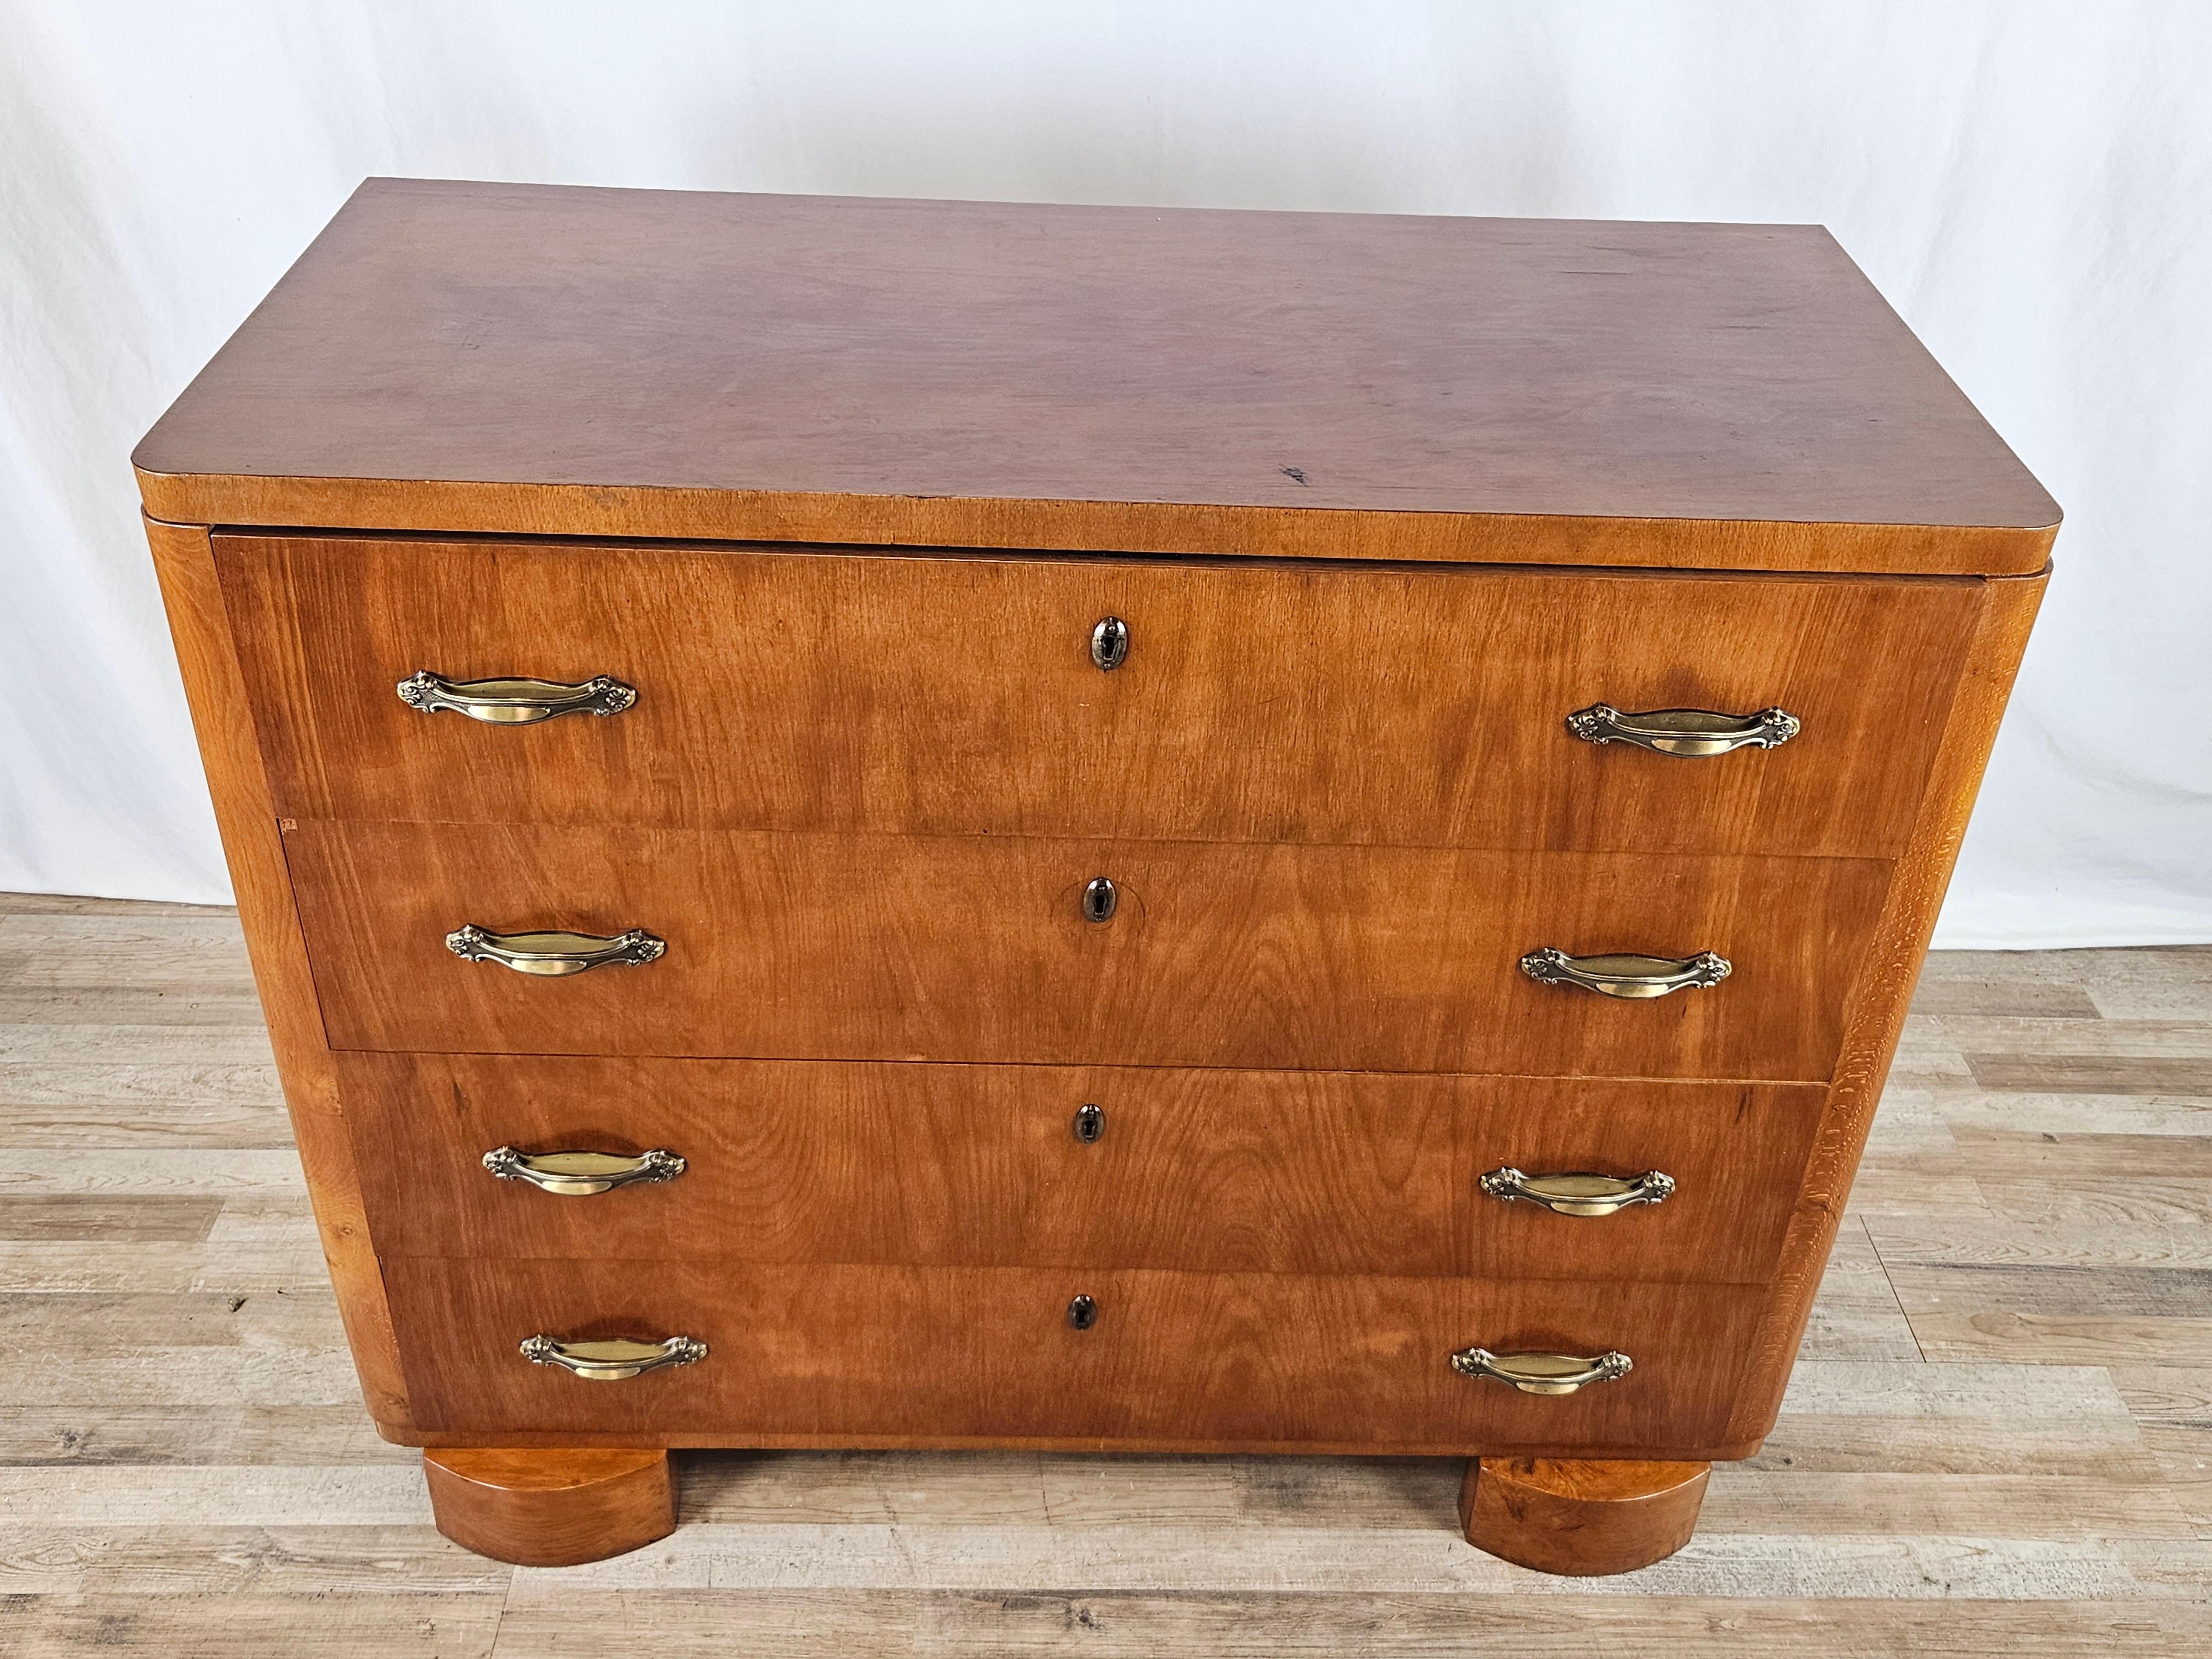 Chamber dresser made circa 1940 entirely of wood with four large, sturdy drawers.

The cabinet lends itself well to all kinds of environments thanks to its small size and soft, gentle wood tone.

Brass handles placed after the furniture was
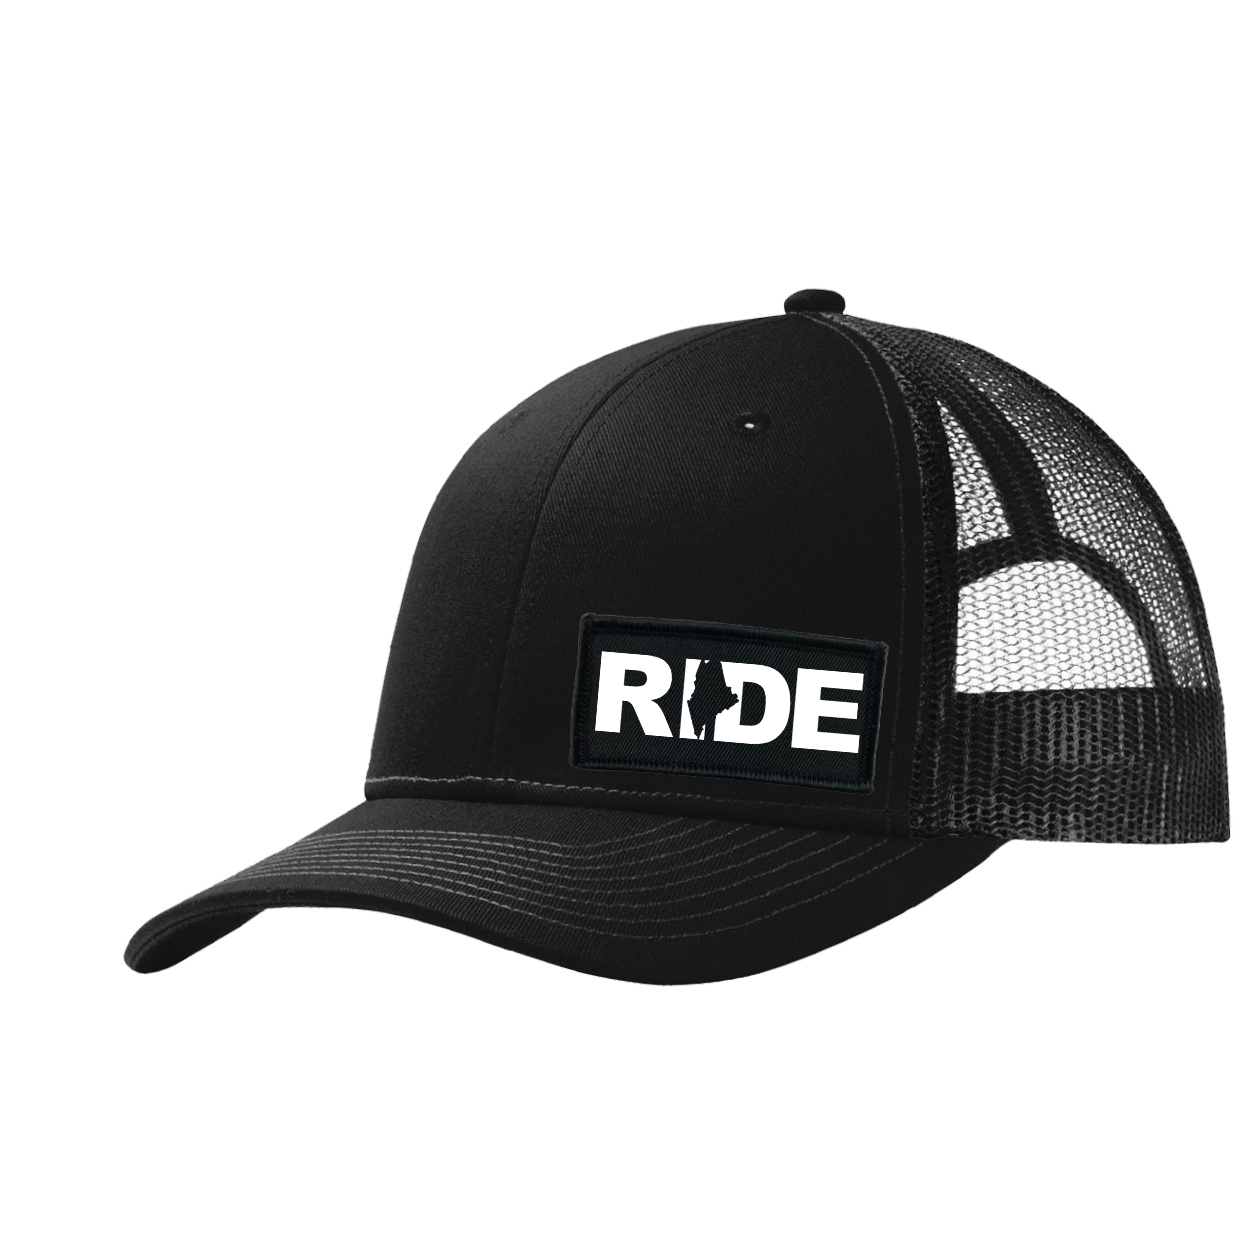 Ride Maine Night Out Woven Patch Snapback Trucker Hat Black (White Logo)
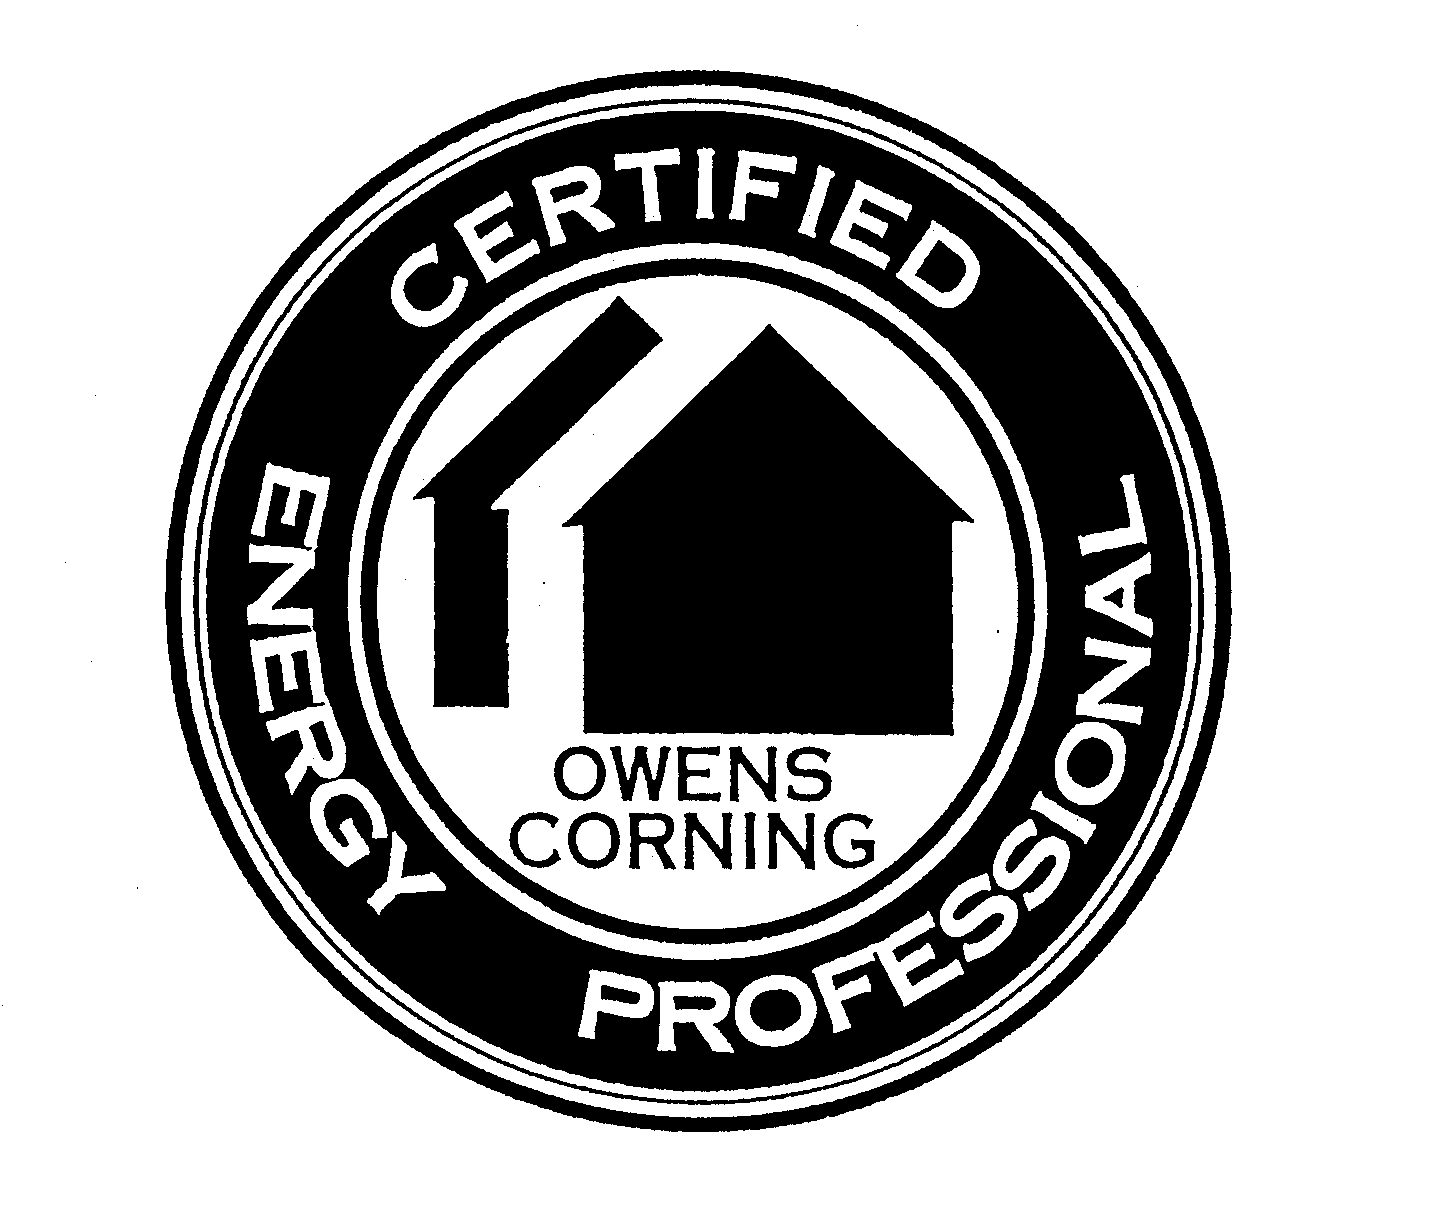  CERTIFIED ENERGY PROFESSIONAL OWENS-CORNING
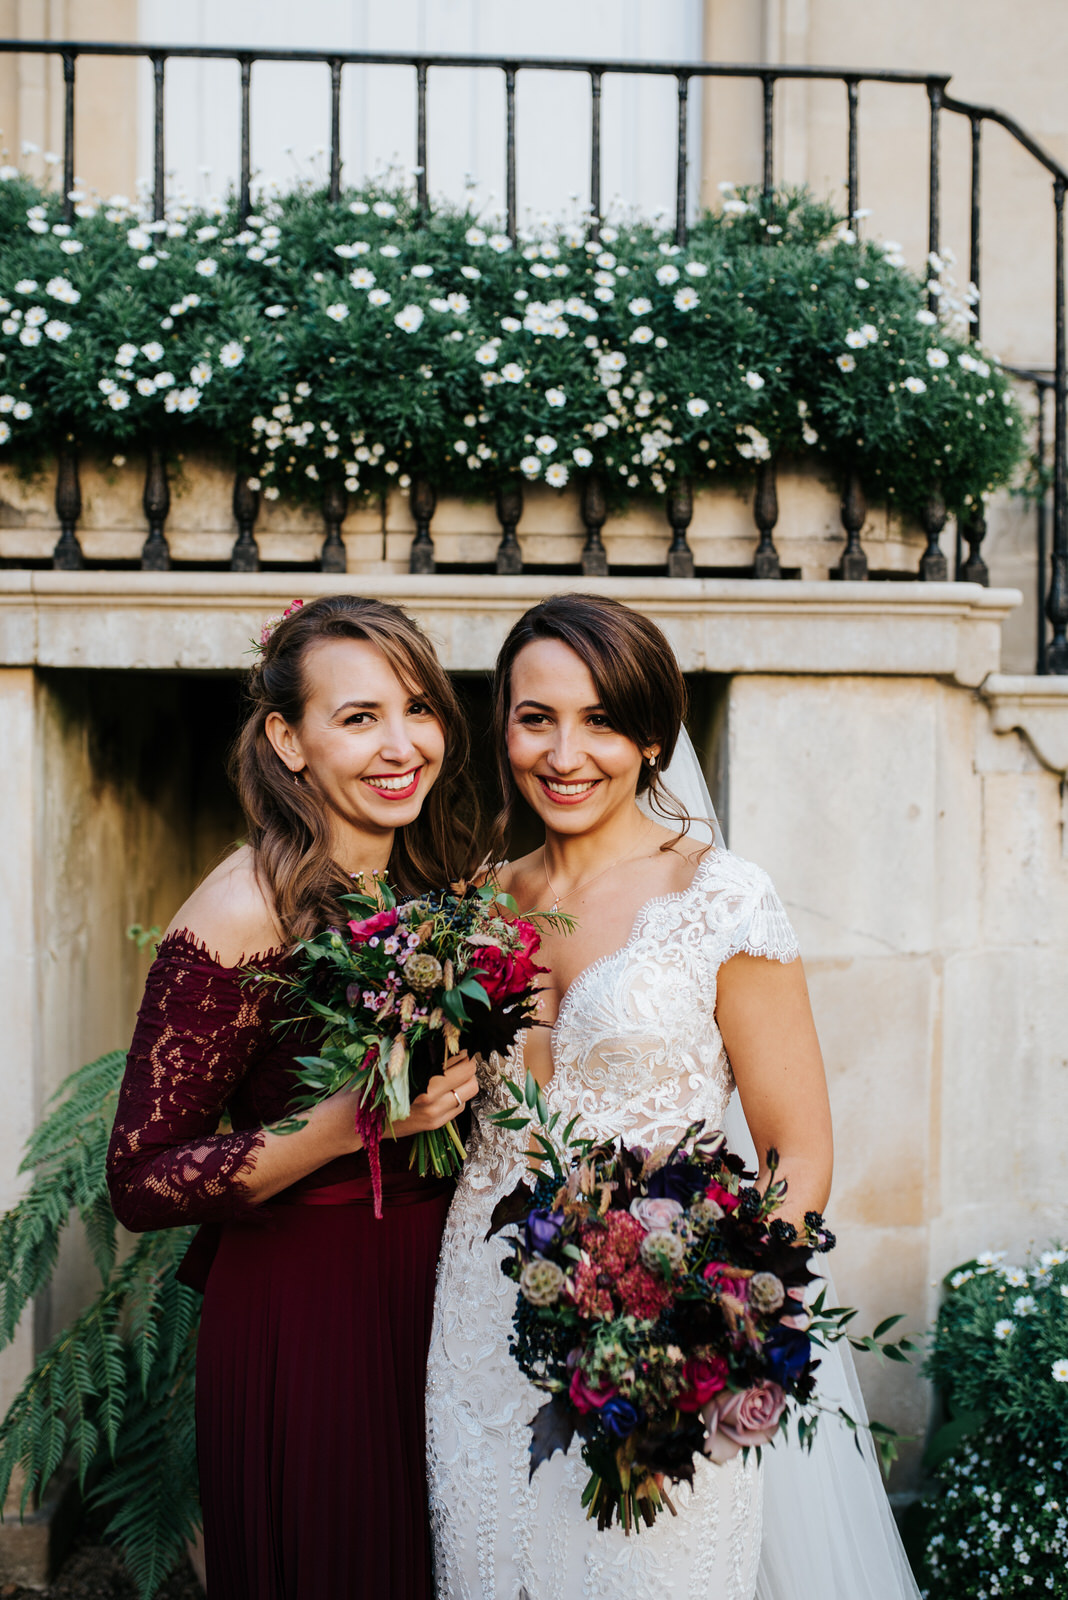 Posed photo of bride and her sister looking very natural
━━━━━━━━━━━━━━━━━━━━
TASK TO COMPLETE =
Above are the records; set down exactly the lines from the line containing "Brass handles placed after the furniture was" through their last line, leaving every picture out.

EXERCISE ANSWER =
Brass handles placed after the furniture was
 Ride Maine Night Out Woven Patch Snapback Trucker Hat Black (White Logo)
  CERTIFIED ENERGY PROFESSIONAL OWENS-CORNING
 Posed photo of bride and her sister looking very natural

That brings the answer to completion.